The singer María Gracia Viteri became an impersonator of Shakira in her concert offered in the city of Sambordón, paying tribute with a medley of her greatest hits in both Spanish and English.

=== Awards ===
In 2022, the Chamber of Broadcasters of Mexico in the United States awarded Shakibecca the Golden Microphone award for "outstanding career as Shakira's double." In 2025 The "Official Fans Club Shakira Barranquilla" fan club has been recognized with a nomination for Best Fandom of the Year at the Nuestra Tierra Awards.

=== Examples of professional Shakira impersonators and tribute bands ===
The following is a selected style list of Shakira impersonators and tribute bands who have gained recognition in the entertainment industry.

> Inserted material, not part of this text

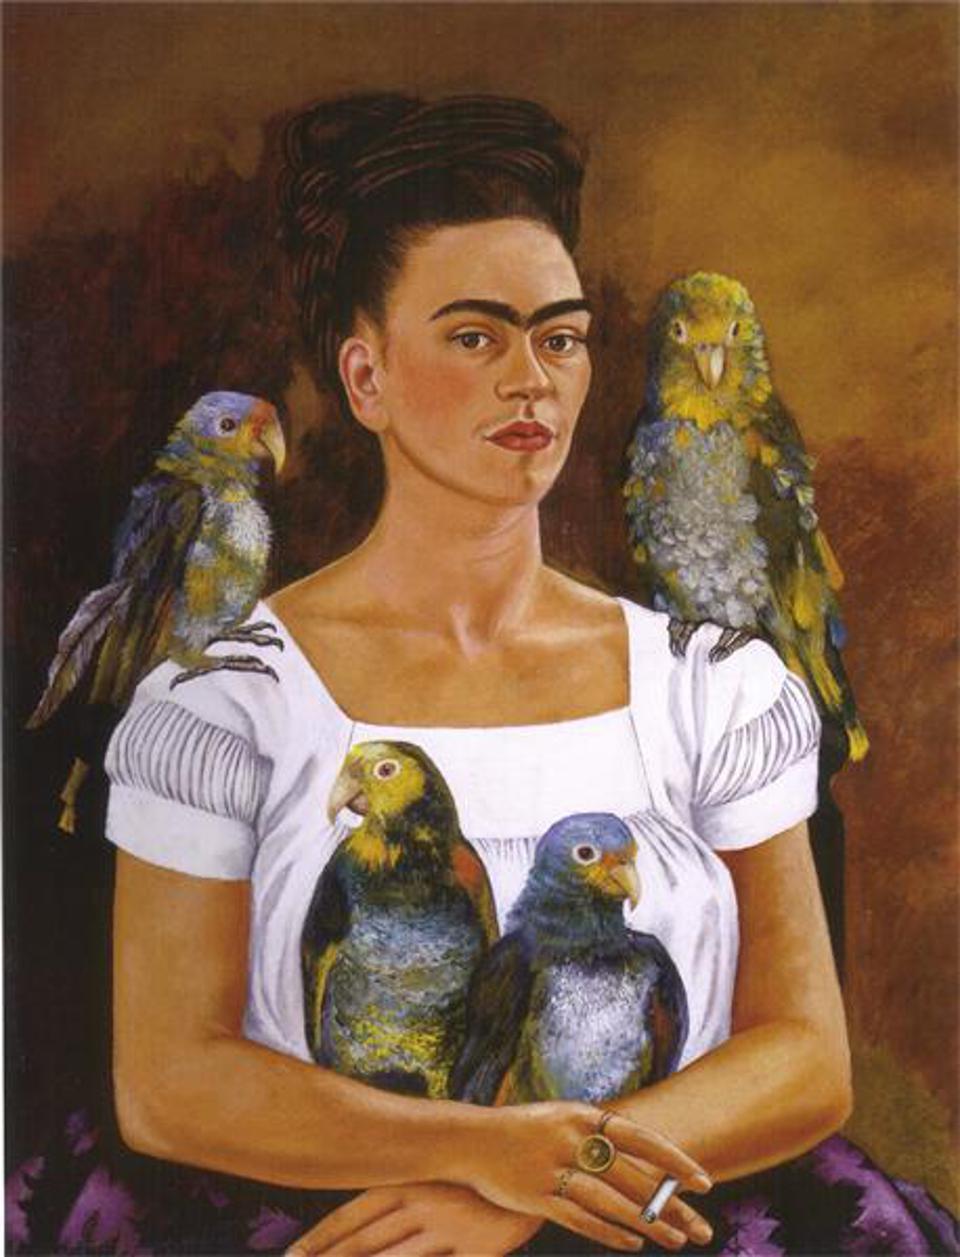 © 2020 BANCO DE MÉXICO DIEGO RIVERA FRIDA KAHLO MUSEUMS TRUST, MEXICO, D.F. / ARTISTS RIGHTS SOCIETY (ARS), NEW YORK

- Shakibecca: She began in 1996 at the age of 12 imitating dance, later she participated in musical programs on Venezuelan television. She participated in Fama, sudor y lagrimas and in Buscando una Estrella, in the latter personifying Shakira where, at just 15 years old, she first met her idol. Such was the success achieved that they called her from Mexico to continue her imitations in Parodiando.
- Ciego Sordomudos Band: A Peruvian band that tours around their native country performing tribute concerts to Shakira, mostly playing songs from Pies Descalzos and Donde Estan los Ladrones?.
- Noelia Quiroz: Known as the "Chilean Shakira", she made her debut thanks to her participation in programs such as "My name is...". Quiroz performs tribute acts throughout her country and is the nationally most famous Shakira impersonator.

=== Influenced celebrity fans ===
Indian singer and actress Neha Kakkar in her youth was often referred to as the "Shakira of India" due to their similar styles.